Most narcotic vegetables owe their poisonous properties to a peculiar principle, probably of an alkaline nature, and slightly different in each. This discovery was made with regard to opium in 1812; and the discovery of the active principle in that drug has been followed by the detection of analogous principles in most narcotics, as well as in many narcotico-acrids.

These principles are generally crystalline, soluble in alcohol and the acids, little soluble in water, free from mineral admixture, and entirely destructible by heat. When purified with the greatest care, they still retain decided alkaline properties; but on account of their number and the low power of neutralization their alkaline nature was long denied; and they have been conventionally styled alkaloids.

In their natural state they exist in combination with various ternary acids, some of which are peculiar; and they are likewise intimately blended, or more probably united chemically, with other inert principles of the vegetable kingdom, particularly resinous and extractive matters, to which they adhere with great obstinacy.

They are all highly energetic, and generally concentrate in themselves the leading properties of the substance from which they are obtained.
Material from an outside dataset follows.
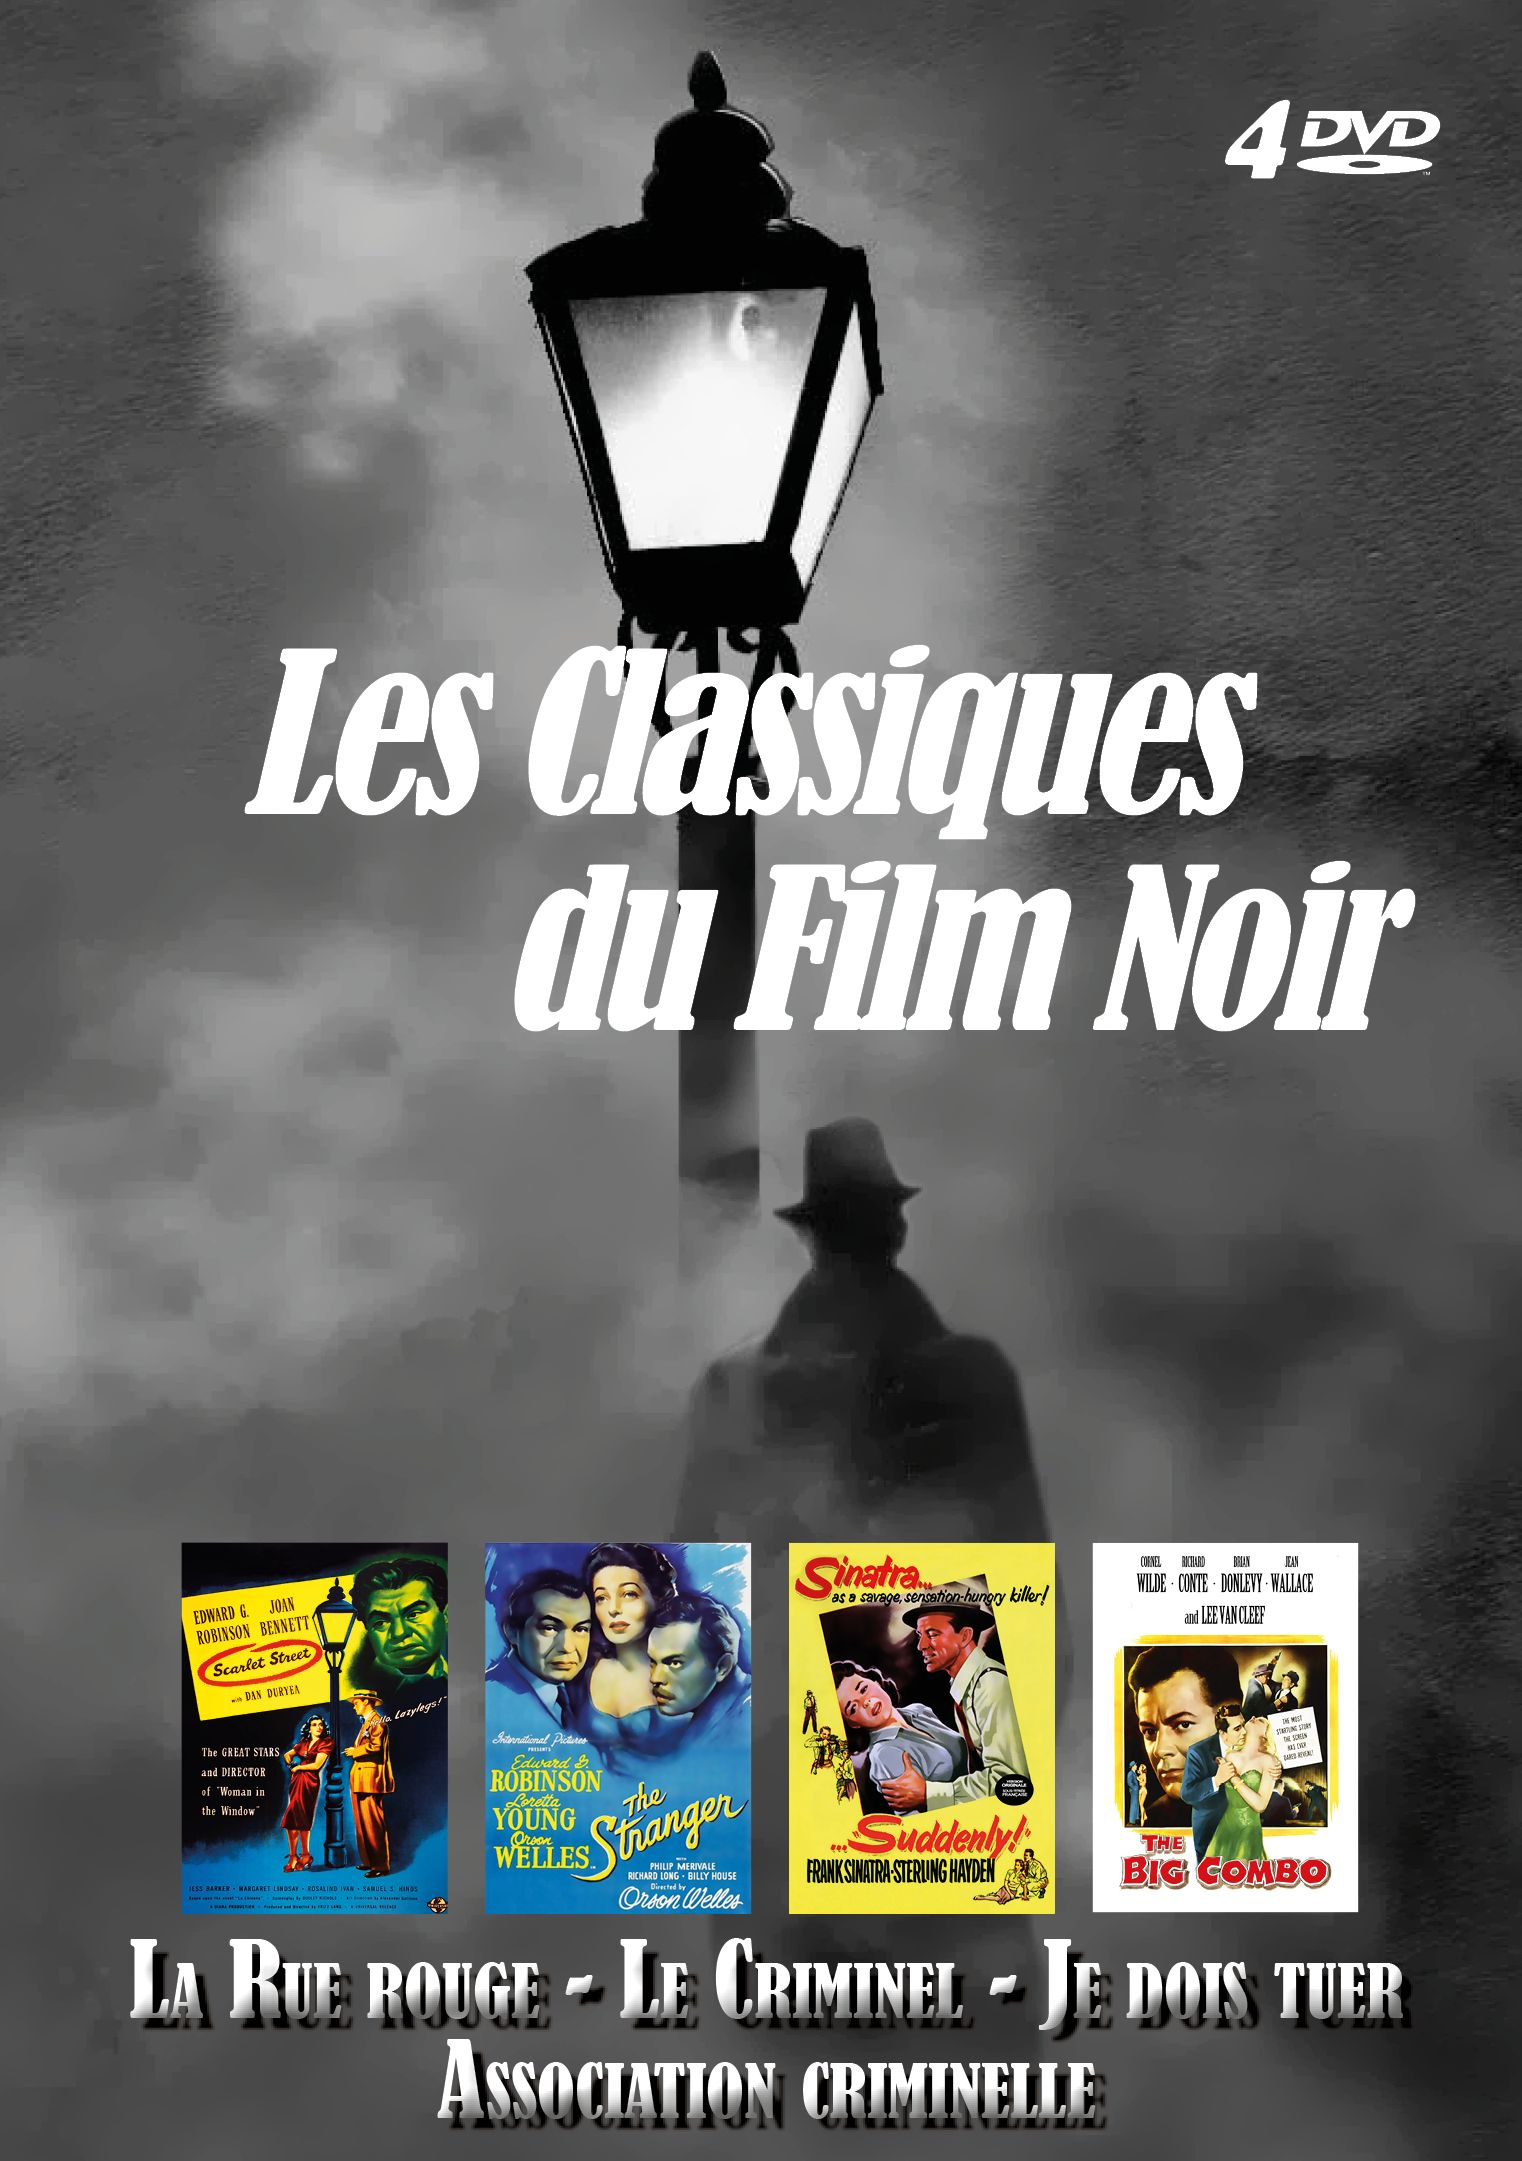 DVD Classiques du Film Noir (Les) - La Rue rouge + Le Criminel + Je dois tuer + Association criminelle (Coffret 4DVD)

The experiments, which have led to the conclusion, that the narcotic poisons act on the brain by entering the blood-vessels, have been repeated with their alkaloids, and have yielded similar results. But the alkaloids are in equal quantities much more energetic than the crude poisons. Their effects indeed are truly formidable, and some well authenticated instances of their action appear hardly less marvellous than the most extravagant notions entertained in ancient times of the operation of poisons. One of them, the principle of nux vomica, which, however, does not belong to the present class, is so active that in all probability a man might be killed with the third part of a grain in less than fifteen minutes.

It is very difficult to detect some of the vegetable alkaloids; and it is fortunate, therefore, that they are rare, and not to be procured but by complex processes.

Chemical analysis does not by any means supply so good evidence of poisoning with the narcotics as it does of poisoning with the irritants. Their chemical properties are not very characteristic, and they are not well developed unless with a larger quantity of the poison than will usually be met with in medico-legal investigations. This remark, however, does not apply universally; and it is probable, that, as organic analysis goes on improving, better and more delicate processes will be discovered.

CHAPTER XXVII.
OF POISONING WITH OPIUM.

To the medical jurist opium is one of the most important of poisons; since there is hardly any other whose effects come more frequently under his cognizance. It is the poison most generally resorted to by the timid to accomplish self-destruction, for which purpose it is peculiarly well adapted on account of the gentleness of its operation. It has also been often the source of fatal accidents, which naturally arise from its extensive employment in medicine. It has likewise been long very improperly employed to create amusement. And in recent times it has been made use of to commit murder, and to induce stupor previous to the commission of robbery. Mr. Burnett, in his work on Criminal Law, has mentioned a trial for murder in 1800, in which the prisoners were accused of having committed the crime by poisoning with opium; and although a verdict of not proven was returned, there is little doubt that the deceased, an adult, was poisoned in the way supposed. A few years ago, a remarkable trial took place at Paris, where poisoning was alleged to have been effected by means of the alkaloid principle of opium; and the prisoner, a young physician of the name of Castaing, was condemned and executed.

In several parts of Britain during the last fifteen years many persons have been brought into great danger by opium having been administered as a narcotic to facilitate robbery; and some have actually been killed. In December, 1828, a conviction was obtained in the Judiciary Court of Edinburgh for this crime, in which instance the persons who had taken the opium recovered. A fatal case, which was strongly suspected to be of the same nature, was submitted to me by the sheriff of this county in 1828; but sufficient evidence could not be procured. In July, 1829, a man Stewart and his wife were condemned, and subsequently executed for the same crime, the person to whom they gave the opium having been killed by it. And about a year afterwards a similar instance occurred at Glasgow, for which a man Byers and his wife were condemned at the Autumn Circuit of 1831.